В СССР он был прямо переведен в разряд полезной архаики: «Орестею» поставили всего несколько раз, камерные и симфонические сочинения играли регулярно, но, так сказать, без помпы. Идеологических претензий к Танееву не было, однако для какой-либо положительной пропаганды его скромная фигура подходила мало. На Западе интерес к нему никогда не был высок; собственно, в рамках всех идеологических нарративов фигура его была так или иначе ничего не олицетворявшей, а потому мало подходящей для построения каких-либо концепций; вне концептуального же поля в истории культуры художнику живется плохо.

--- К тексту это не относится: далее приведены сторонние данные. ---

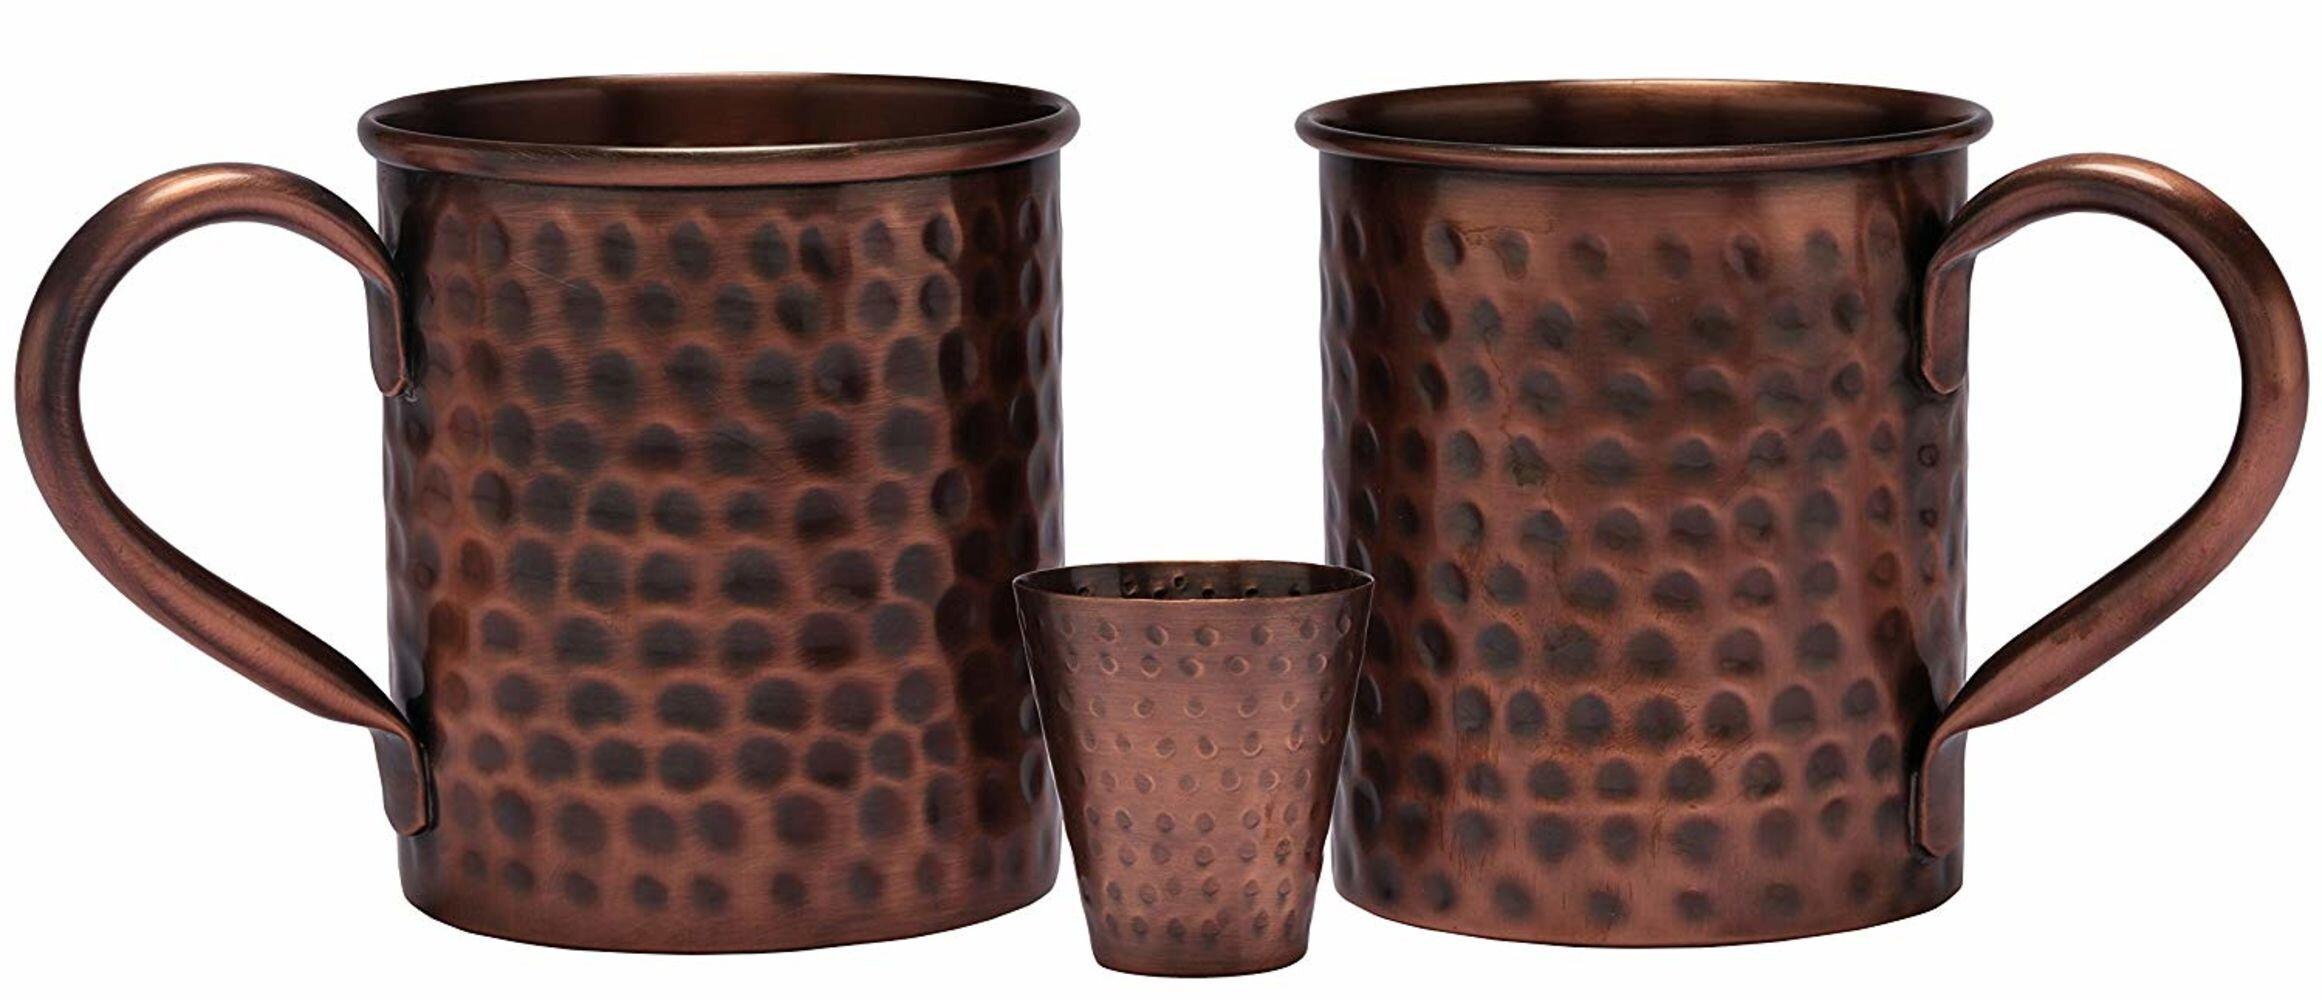 Geometric Catereco Moscow Mule Mugs You Ll Love In 2021 Wayfair

узыка Танеева предсказуемо представляет собой очень цельное, архитектонически ясное, рациональное построение, часто кажущееся слишком статичным, но это скорее проблема современного слуха, для которого полифоническое письмо, необходимо, по самой природе своей ритмически и гармонически гомогенное, часто представляется недостаточно живо эволюционирующим. Технически эта музыка чрезвычайно изощренна, иногда даже слишком изощренна: так, танеевскую симфонию ре-минор Римский-Корсаков понял только после того, как сел и разобрал ее по партитуре, до этого она вызывала у него недоумение. Сложность эта уже сама по себе определенно способна воспрепятствовать тому, чтобы музыка Танеева имела широкого слушателя: для западноевропейского двадцатого века, насыщенного интеллектуализмом, это скорее норма, для русской культуры это во многом нонсенс.
Симфония ре-минор
Исторически сложилось так, что русская культура неинтеллектуальна. Это не значит, что она антиинтеллектуальна (хотя бывает и такое, можно вспомнить Толстого) и уже тем более — что она глупа, отнюдь: смысл в том, что сугубо рациональное, логическое начало культуры у нас всегда считалось вещью, подчиненной более важным критериям, — в первую очередь критерию этическому. Рациональные мыслители, мыслители, для которых логическая честность мысли важнее этической честности поступка, у нас редки; особенно немного их среди художников. Все это хорошо объясняет причину, почему Танеев, для которого рациональная ответственность, ответственность перед логикой высказывания, была определяющим критерием творчества, воспринимается (и тем более воспринимался при жизни) как человек немного чужой, почти иностранец (очень характерно при этом, что все, кто говорит о нем, непременно отмечают его честность, как если бы речь шла о немце каком). Тут есть элемент несправедливости, но очевидно, что музыка Танеева ни по каким параметрам не попадает в стереотипическое представление о русской музыке: она несентиментальна, она очень сдержанна по эмоциям и она — что особенно важно — не трагична, она почти всегда разрешается позитивным утверждением, говорящим не о расколе, рефлексии или неврозе, а о рациональном преодолении того, другого и третьего. Таким образом, Танеев как бы оказывается подвешен в пустоте между двумя коллективными точками восприятия: для русского слуха он недостаточно русский, для западного — недостаточно западный, в сравнении со Стравинским, например. Тем не менее, здесь надо отдавать себе отчет в том, что это проблема не подлинного, а именно стереотипического восприятия: такое восприятие, в общем, рассуждает не о музыке скорее, а о нормирующих представлениях о музыке. Достаточно от этого стереотипа избавиться, достаточно подойти к танеевскому творчеству непредвзято — и станет в первую очередь заметно, что у него очень внятная, ясная, разумно устроенная музыка; по словам же любимого Танеевым Спинозы, «Все, воспринимаемое ясно и отчетливо, истинно».